Scientific classification
- Kingdom: Animalia
- Phylum: Chordata
- Class: Aves
- Order: Columbiformes
- Family: Columbidae
- Genus: Ptilinopus
- Species: P. roseicapilla
- Binomial name: Ptilinopus roseicapilla (Lesson, 1831)

= Mariana fruit dove =

- Genus: Ptilinopus
- Species: roseicapilla
- Authority: (Lesson, 1831)
- Conservation status: NT

Species of bird

The Mariana fruit dove (Ptilinopus roseicapilla), totot in the Northern Marianas Islands or Paluman totut on Guam, also known as mwee'mwe in the Carolinian language, is a small, up to 24 cm long, green fruit dove native and endemic to the Northern Marianas Islands in the Pacific and Guam. It has a red forehead; greyish head, back and breast; and yellow belly patch and undertail coverts. Sightings of the Mariana Fruit Dove on Guam are rare with up to two sightings per year.

The female lays a single white egg. The chick and egg are tended to by both parents. Its diet consists mainly of fruits.

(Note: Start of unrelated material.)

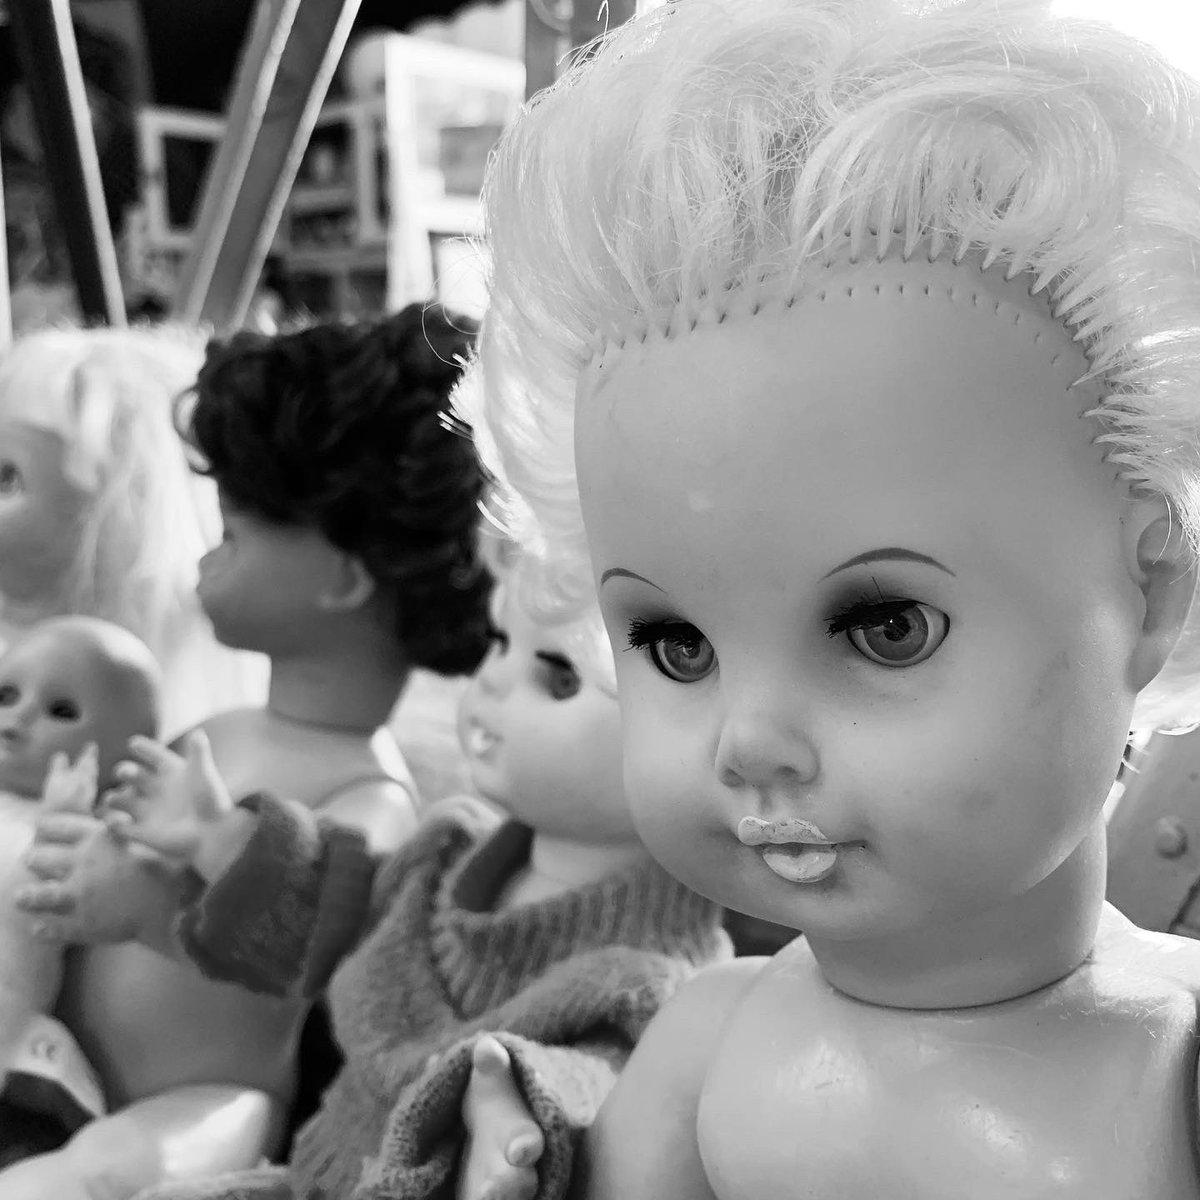 ベルリンからの荷をご紹介〜🇩🇪ドールズたーくさん🙂❣️🙃詳細はお気軽にお問い合わせください。通販も承ります◉#diegokobe #diego #ディエゴ #diegowarehouse  #兵庫 #神戸 #東灘 #doll #toy #人形 #baby
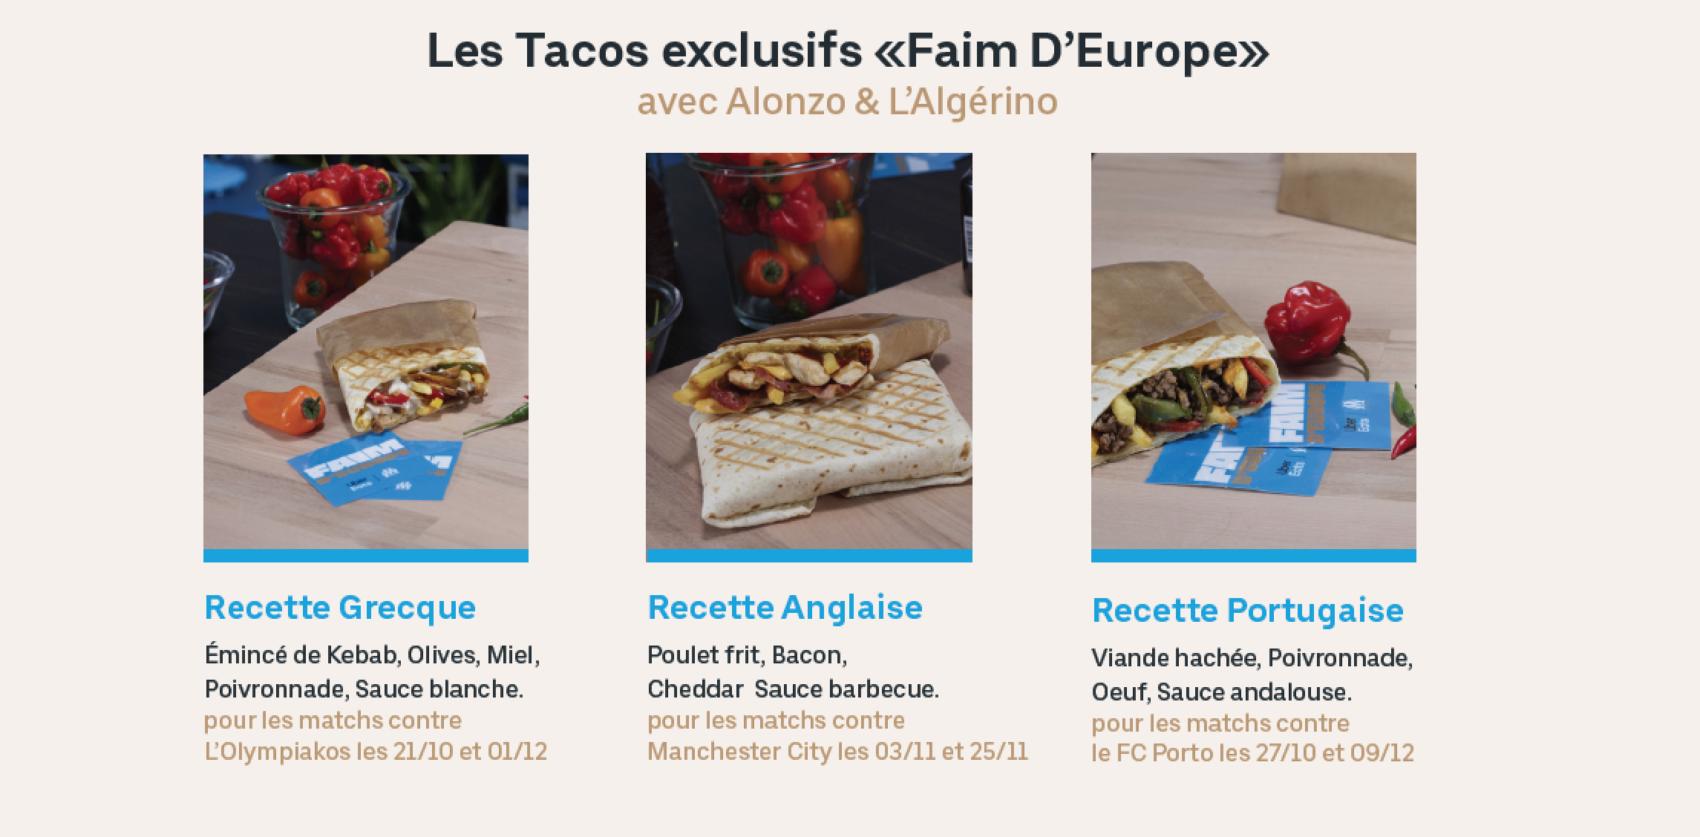 UE_FaimDEurope_OM_tacos_marseille_om_ligue_des_champions_lafourmi.png

Culturally, the Mariana fruit dove is a very important symbol of the region. This species is the official bird of the Northern Marianas Islands.. In 2005, the Mariana fruit dove was originally chosen as the official mascot of the 2006 Micronesian Games in Saipan. However, the official website for the games shows a tropicbird as the official symbol instead of the Mariana fruit dove.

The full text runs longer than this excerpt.